## Data below
--- START ---
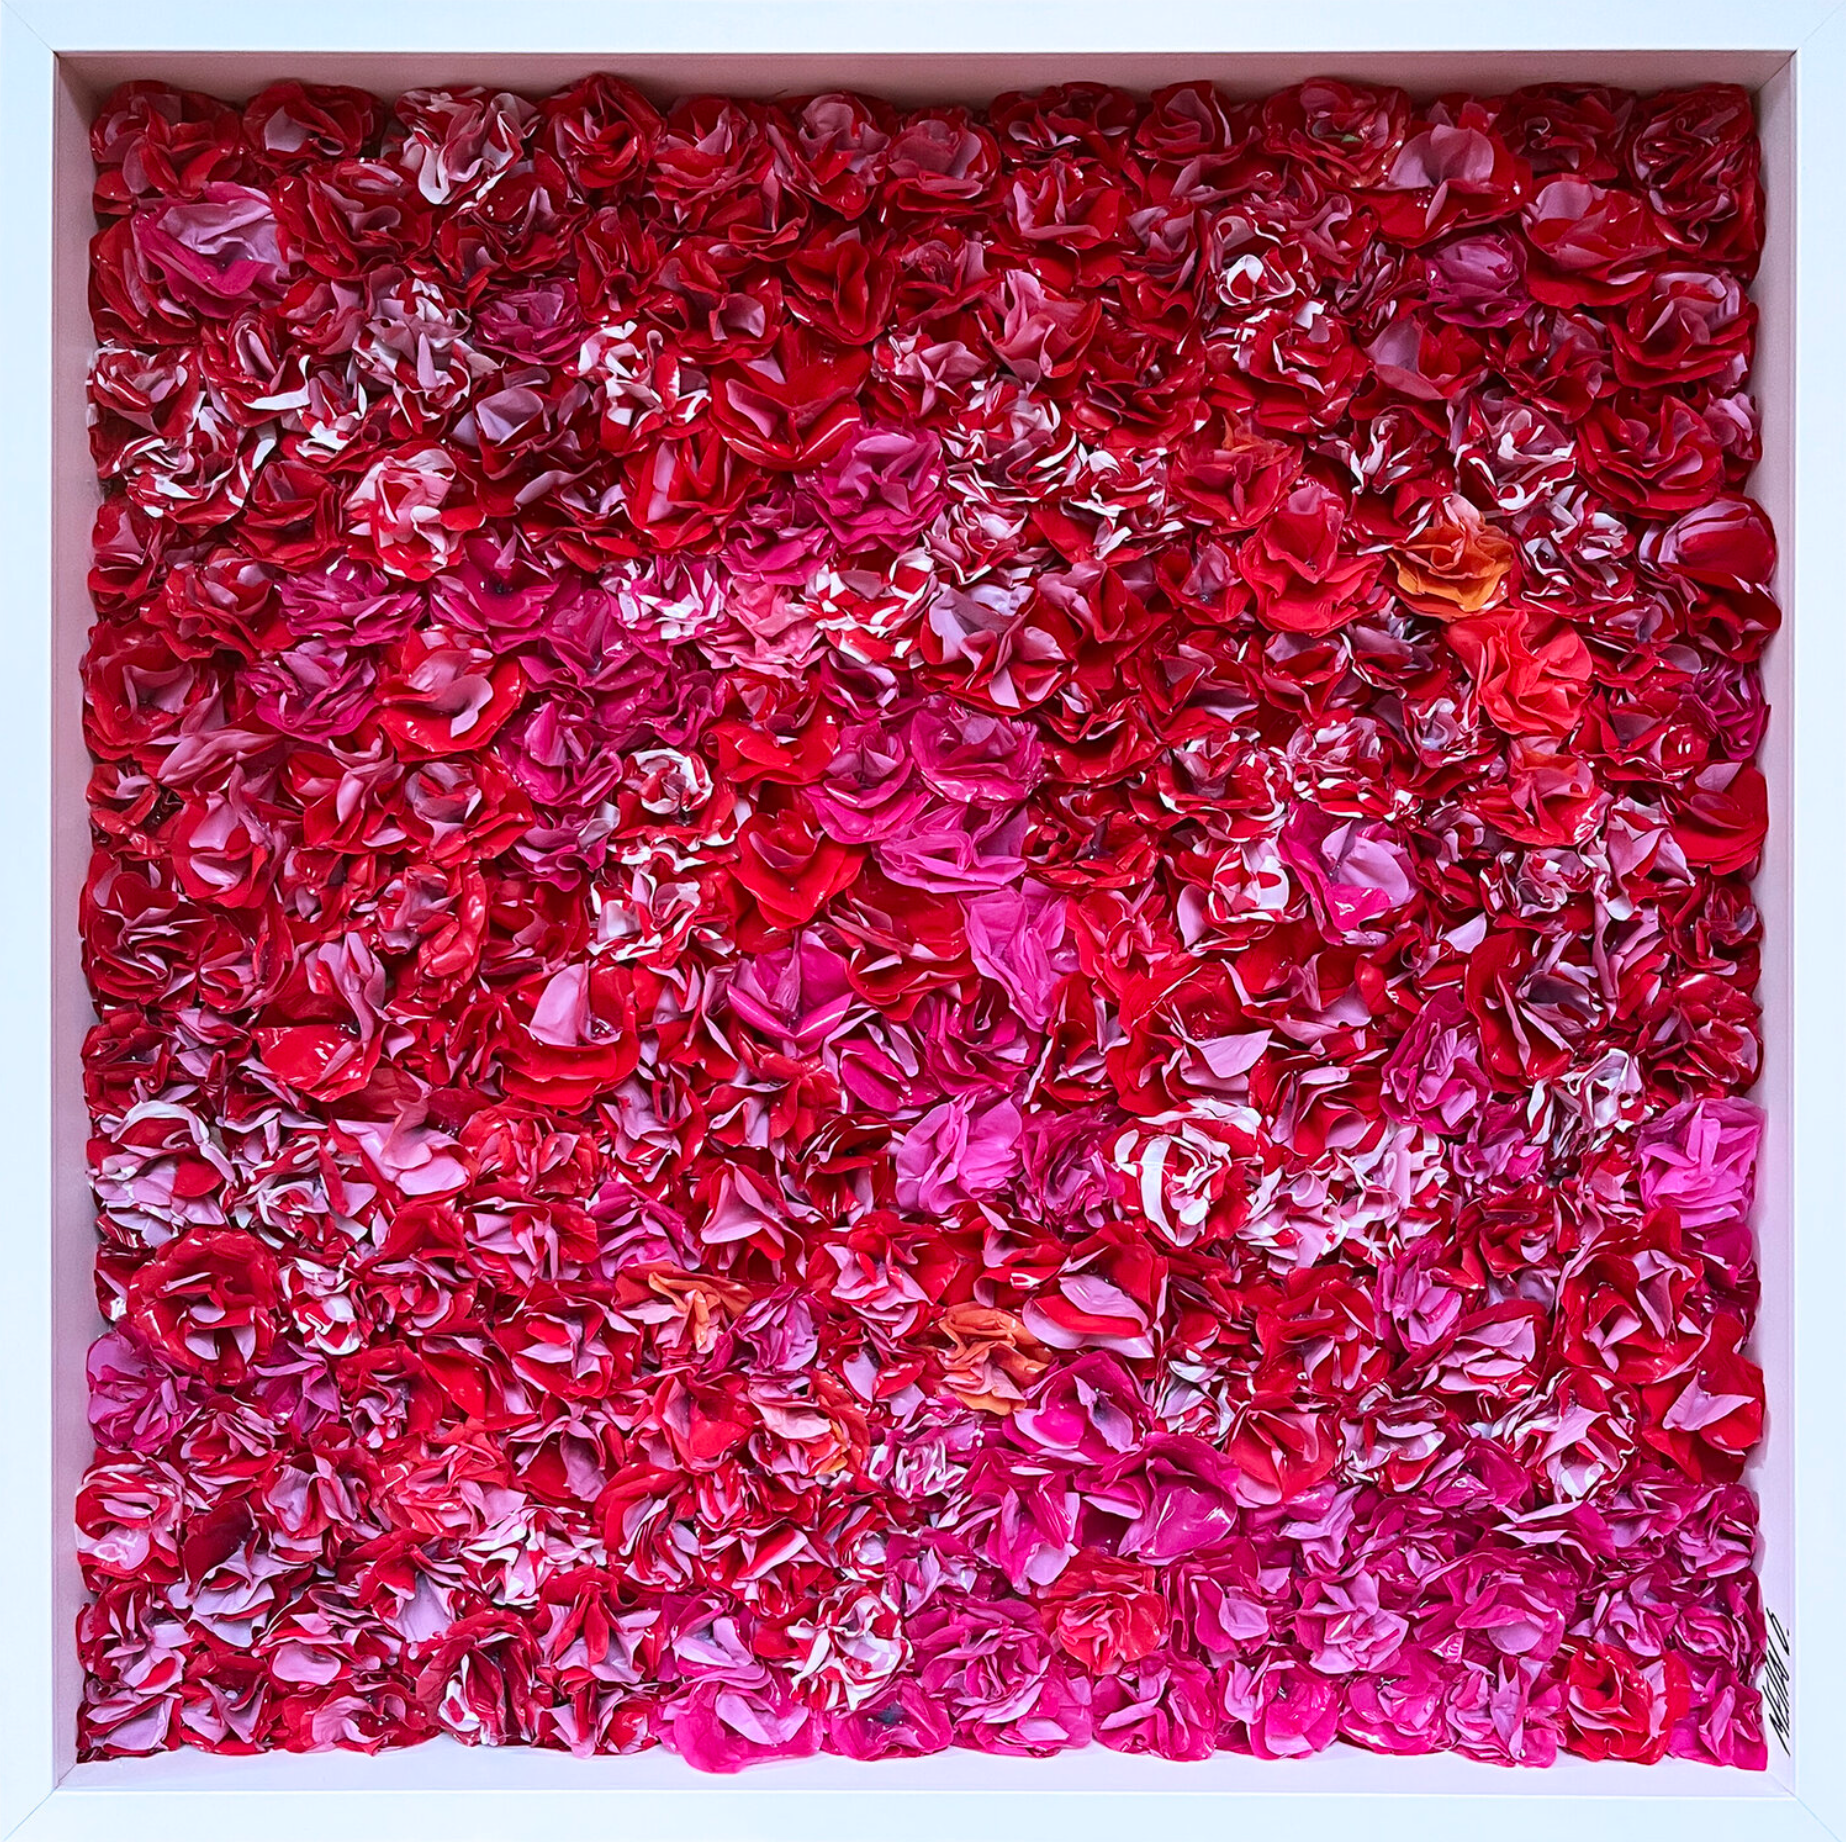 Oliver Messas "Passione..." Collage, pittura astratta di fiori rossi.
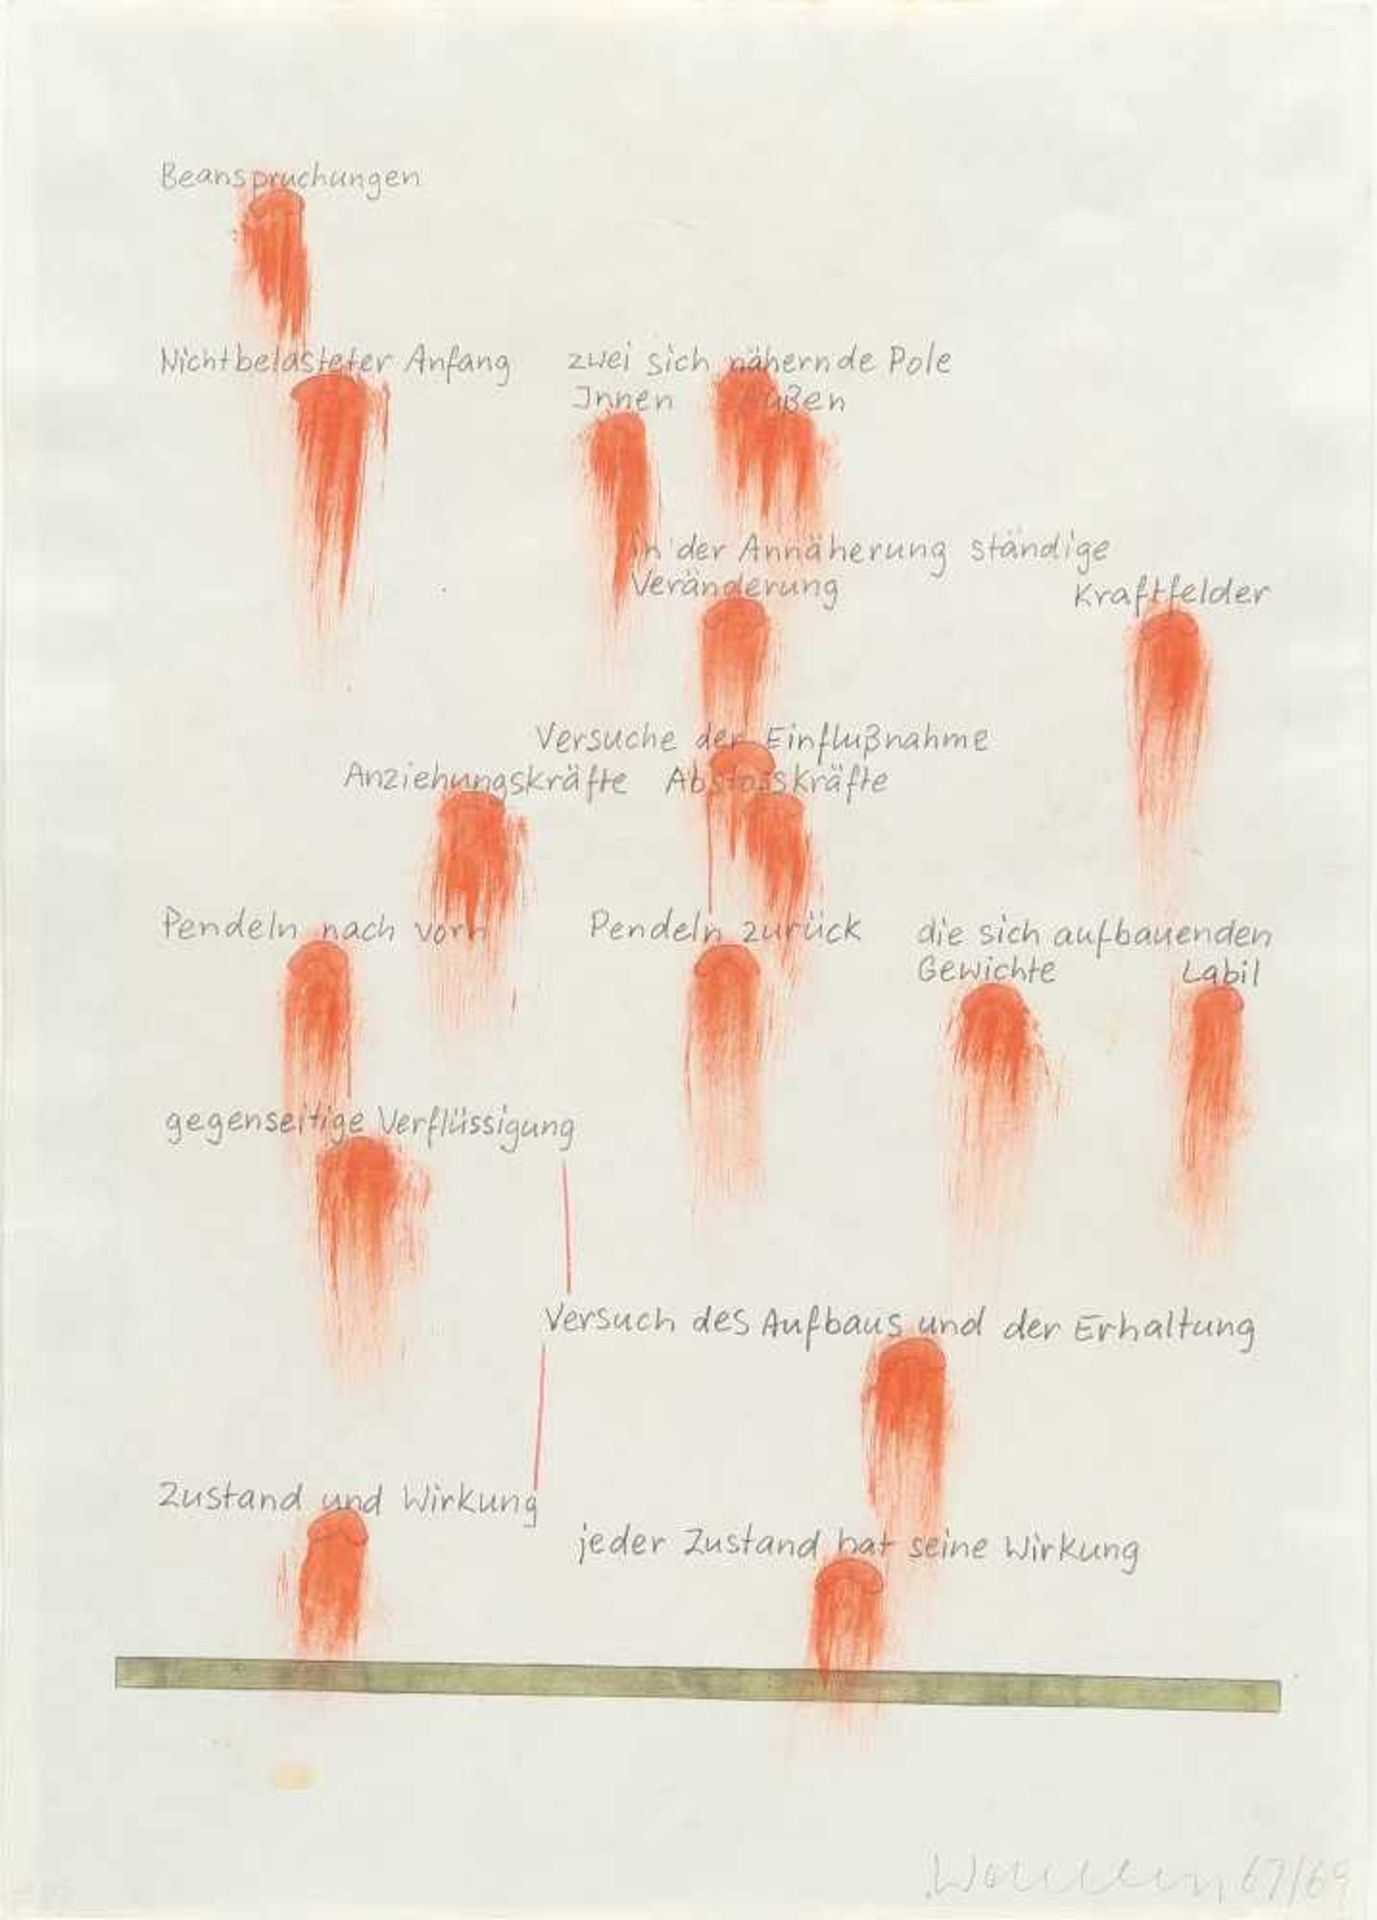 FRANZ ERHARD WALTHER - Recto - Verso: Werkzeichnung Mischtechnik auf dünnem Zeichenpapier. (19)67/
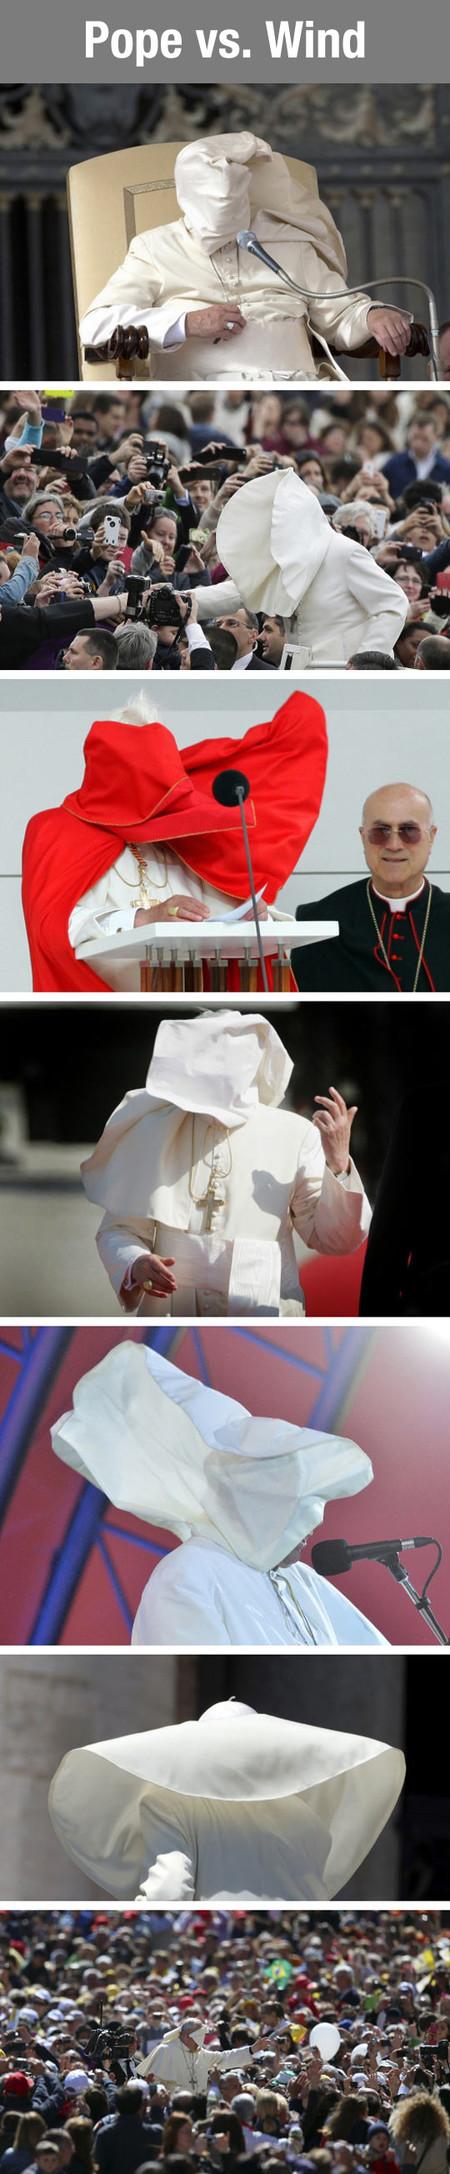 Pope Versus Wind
--- END ---
Set down again, exactly, the lines from the one with "FRANZ ERHARD WALTHER" to the last line of the data, both included and pictures excluded.

 FRANZ ERHARD WALTHER - Recto - Verso: Werkzeichnung Mischtechnik auf dünnem Zeichenpapier. (19)67/
 Pope Versus Wind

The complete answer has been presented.